Best of 25 hottest articles from STRUCTURE

by Peter Nollert
April 14, 2010 03:45

Structure, the magazine, sent me an email the other day with "the most requested full text articles your colleagues and competitors are currently downloading from Structure.". OK - let's see what's there for us protein crystallizers:

  1. Conformation Dependence of Backbone Geometry in Proteins
  2. Structure of the Human Dicer-TRBP Complex by Electron Microscopy
  3. The Nuclear Pore Complex Has Entered the Atomic Age • Review article
  4. Discovery Through the Computational Microscope • Review article
  5. Structure of PAS-Linked Histidine Kinase and the Response Regulator Complex
  6. Structure of IL-33 and Its Interaction with the ST2 and IL-1RAcP Receptors-Insight into Heterotrimeric IL-1 Signaling Complexes
  7. Insights into How Nucleotide-Binding Domains Power ABC Transport
  8. Structural Insights on the Mycobacterium tuberculosis Proteasomal ATPase Mpa
  9. Fluorescence-Detection Size-Exclusion Chromatography for Precrystallization Screening of Integral Membrane Proteins
  10. Secondary Structure of Huntingtin Amino-Terminal Region
  11. Structure and Signaling Mechanism of Per-ARNT-Sim Domains • Review article
  12. Intrinsic Domain and Loop Dynamics Commensurate with Catalytic Turnover in an Induced-Fit Enzyme
  13. Quantitative Determination of the Conformational Properties of Partially Folded and Intrinsically Disordered Proteins Using NMR Dipolar Couplings • Review article
  14. Structural Plasticity of Eph Receptor A4 Facilitates Cross-Class Ephrin Signaling
  15. Structural Dynamics of Light-Driven Proton Pumps
  16. Subunit Architecture of Multiprotein Assemblies Determined Using Restraints from Gas-Phase Measurements
  17. Toward Structural Elucidation of the @c-Secretase Complex • Review article
  18. Structural Basis for DNase Activity of a Conserved Protein Implicated in CRISPR-Mediated Genome Defense
  19. Structural Basis of Novel Interactions Between the Small-GTPase and GDI-like Domains in Prokaryotic FeoB Iron Transporter
  20. Structures and mechanisms of glycosyl hydrolases
  21. Binding of Small-Molecule Ligands to Proteins:''What You See''Is Not Always''What You Get'' • Review article
  22. Structural Basis for Calcium Sensing by GCaMP2
  23. Structural Basis for Binding of Hypoxia-Inducible Factor to the Oxygen-Sensing Prolyl Hydroxylases
  24. The Origin of Allosteric Functional Modulation: Multiple Pre-existing Pathways • Review article
  25. A Specific Cholesterol Binding Site Is Established by the 2.8 A Structure of the Human @b"2-Adrenergic Receptor

I am rather surprised by the high number of membrane protein-related papers.
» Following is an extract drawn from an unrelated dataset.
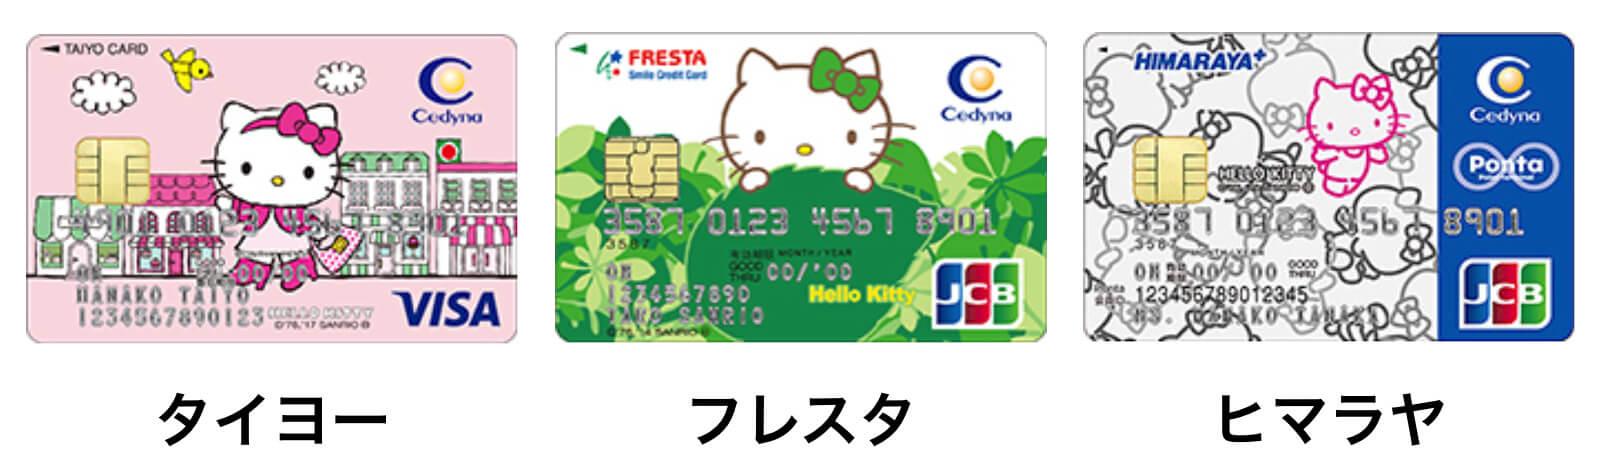 タイヨーカード フレスタスマイルクレジットカード ヒマラヤPontaカードPlusのハローキティデザインクレジットカード
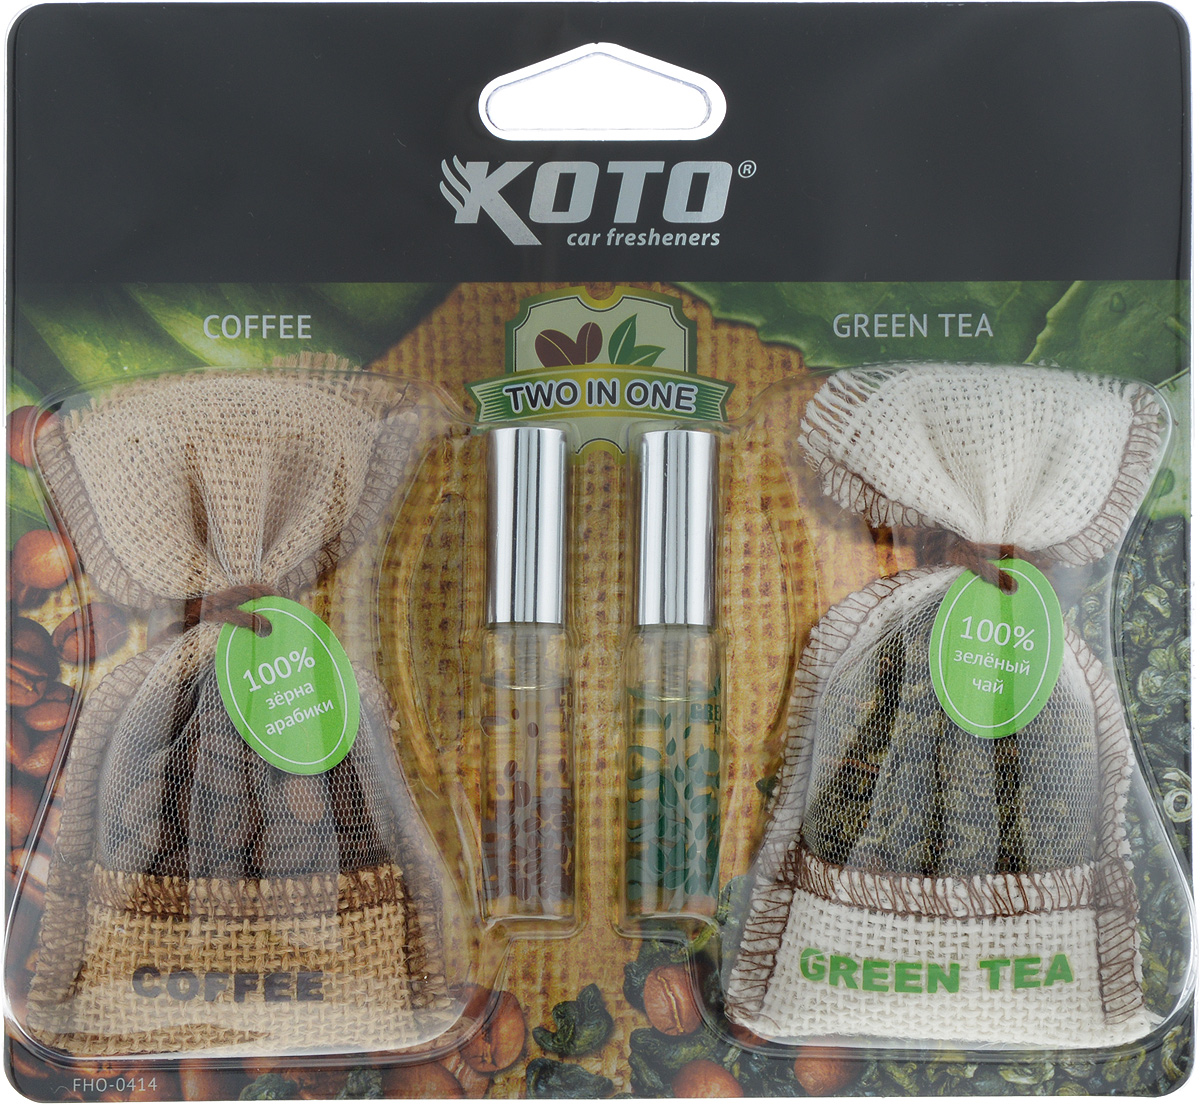 Набор автомобильных ароматизаторов Koto Кофе и зеленый чай, 2 штДА-18/2+Н550Набор автомобильных ароматизаторов Koto Кофе и зеленый чай эффективно устраняет неприятные запахи и придает легкий приятный аромат. Он состоит из двух мешочков и двух флаконов. Благодаря присоске, мешочки легко размещаются в автомобиле на зеркале заднего вида или на любой гладкой поверхности.Состав набора: мешок с зернами кофе, мешок с листьями зеленого чая, жидкостный ароматизатор с ароматом кофе, жидкостный ароматизатор с ароматом зеленого чая. Вес одного мешочка: 20 г. Объем одного жидкостного ароматизатора: 9 мл.

Out of these 25 hottest STRUCTURE articles I'd say that #9 looks like the most interesting one:

T. Kawate & E. Gouaux (2006)
Fluorescence-Detection Size-Exclusion Chromatography for Precrystallization Screening of Integral Membrane Proteins
Volume 14 (4), 673-681

And this is of course Eric Gouaux & Toshimitsu Kawate's clever paper on analyzing the monodispersity and stability of protein-detergent complexes: 

Schematic pre-crystalline screening for membrane protein crystallization.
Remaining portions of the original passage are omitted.